◆ Data below ◆
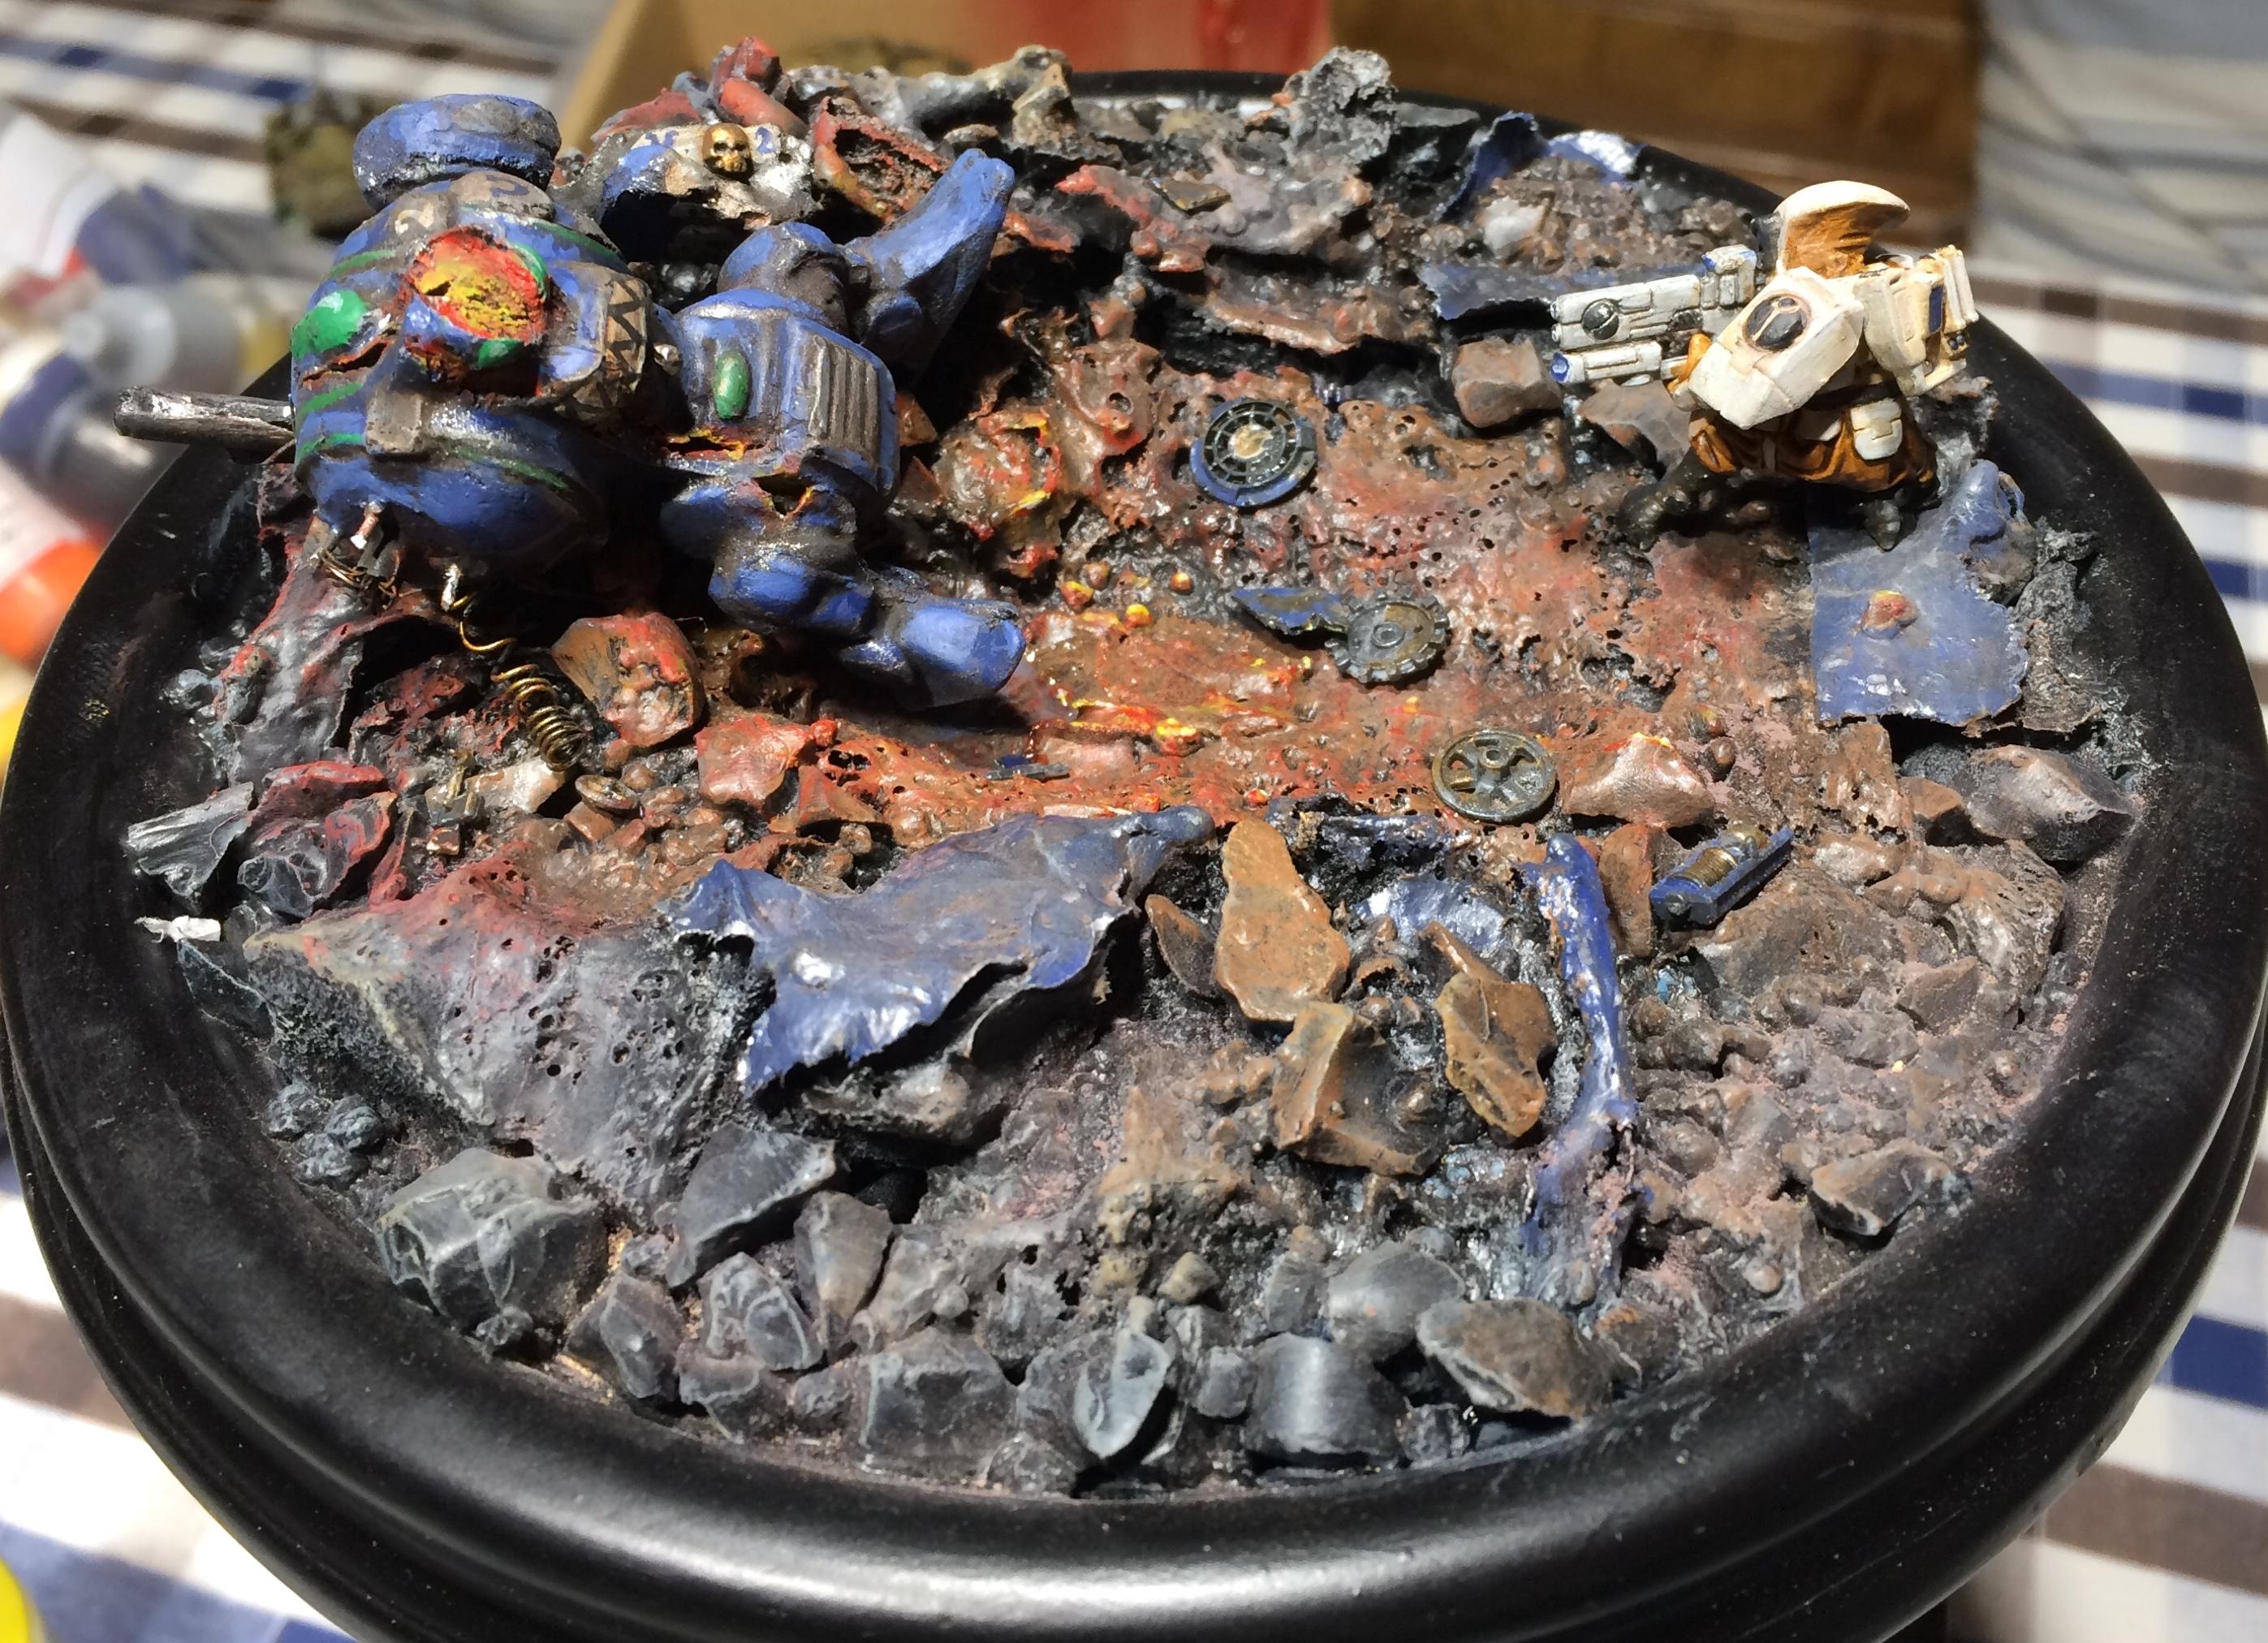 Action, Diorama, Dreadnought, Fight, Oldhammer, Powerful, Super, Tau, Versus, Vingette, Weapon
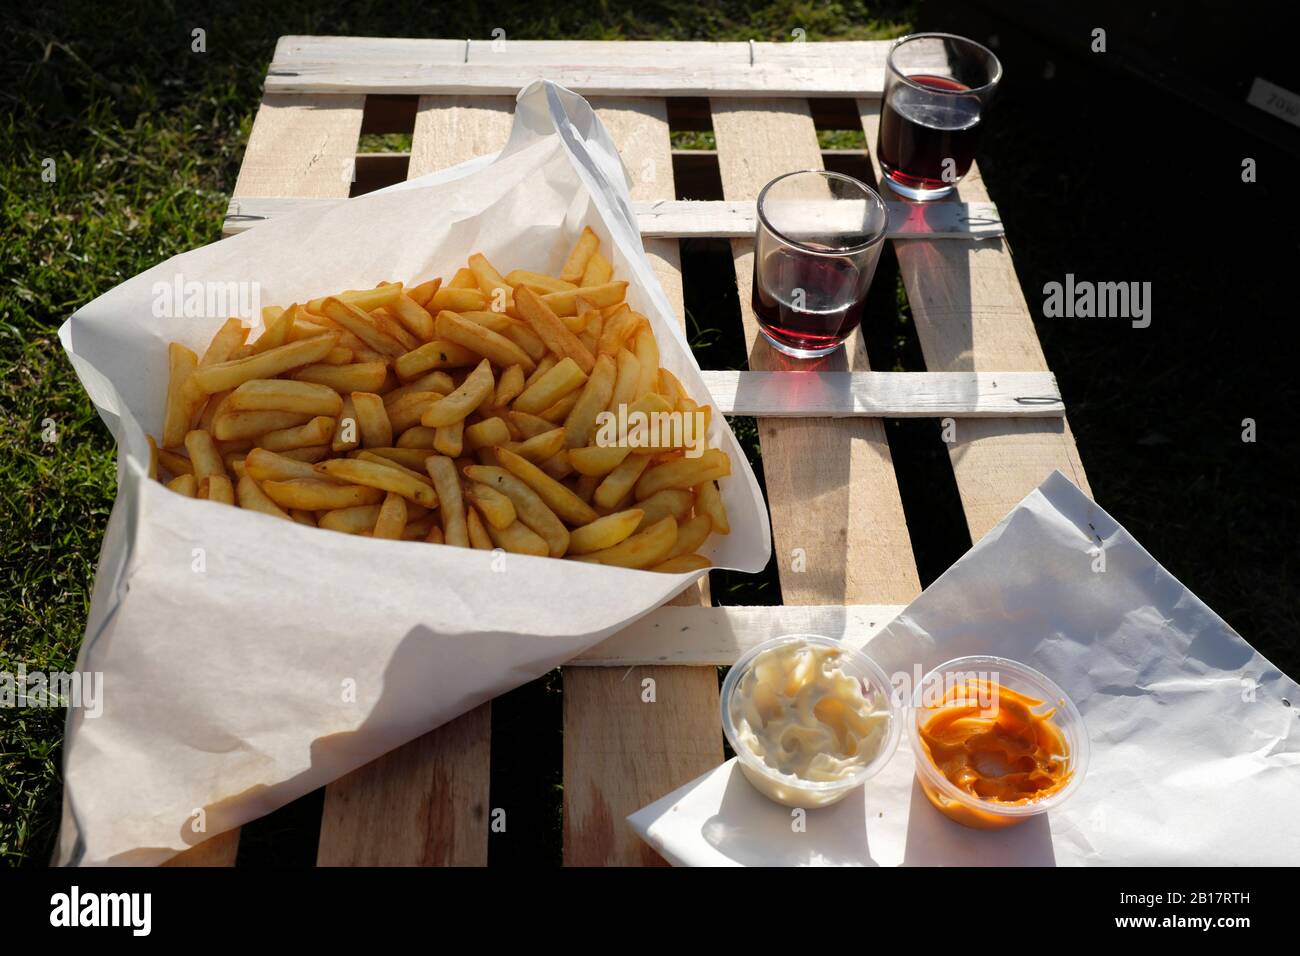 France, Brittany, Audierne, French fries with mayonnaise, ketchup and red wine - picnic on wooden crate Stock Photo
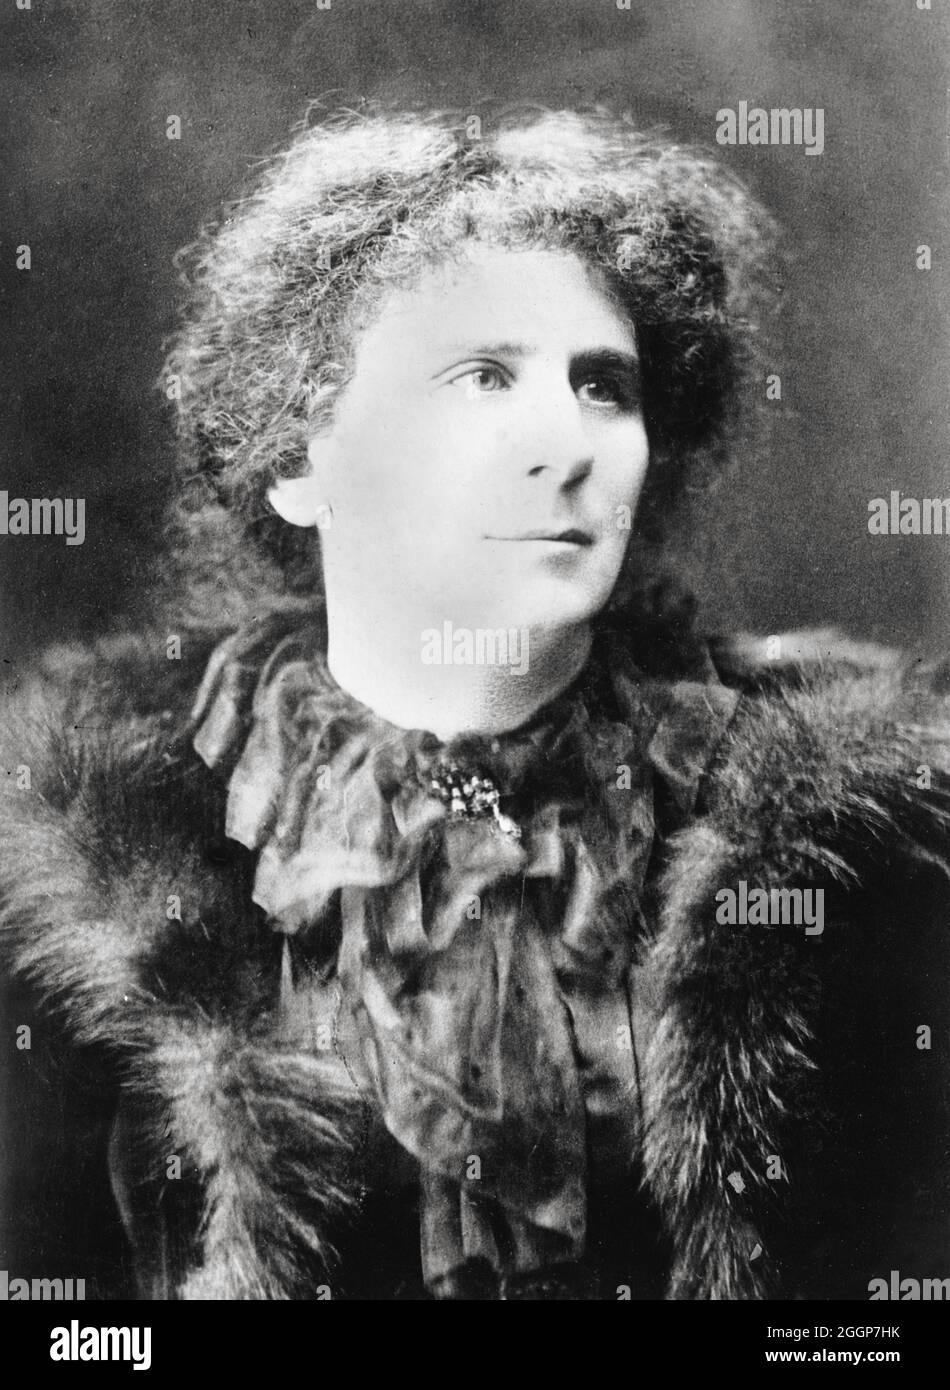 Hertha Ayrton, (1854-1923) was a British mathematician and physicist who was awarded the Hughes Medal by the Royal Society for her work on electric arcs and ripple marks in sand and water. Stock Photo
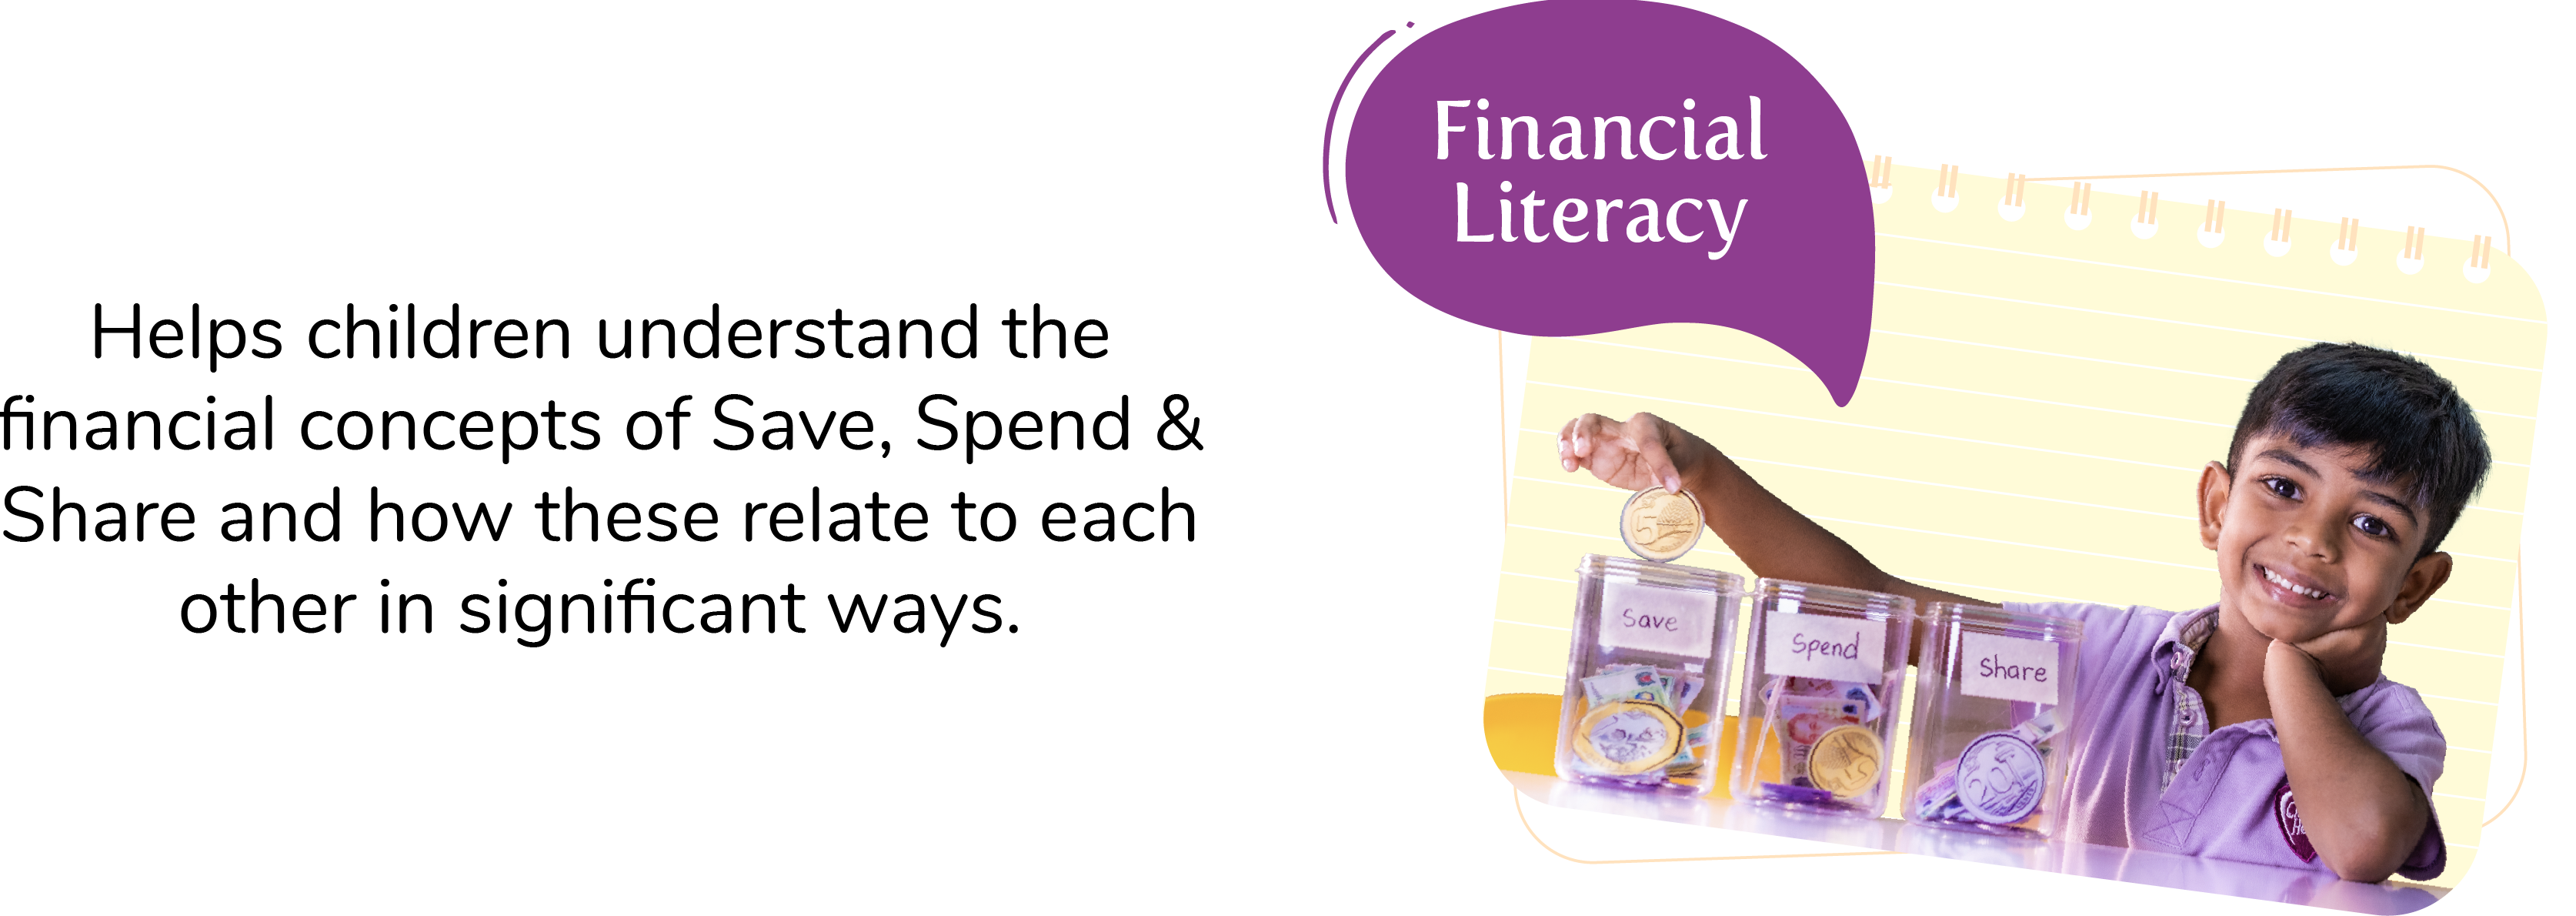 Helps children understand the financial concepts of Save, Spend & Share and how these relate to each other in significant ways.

◆ About this exercise ◆
The material must be restated verbatim. Its pictures must be omitted.

◆ Your solution ◆
 Action, Diorama, Dreadnought, Fight, Oldhammer, Powerful, Super, Tau, Versus, Vingette, Weapon
 France, Brittany, Audierne, French fries with mayonnaise, ketchup and red wine - picnic on wooden crate Stock Photo
 Hertha Ayrton, (1854-1923) was a British mathematician and physicist who was awarded the Hughes Medal by the Royal Society for her work on electric arcs and ripple marks in sand and water. Stock Photo
 Helps children understand the financial concepts of Save, Spend & Share and how these relate to each other in significant ways.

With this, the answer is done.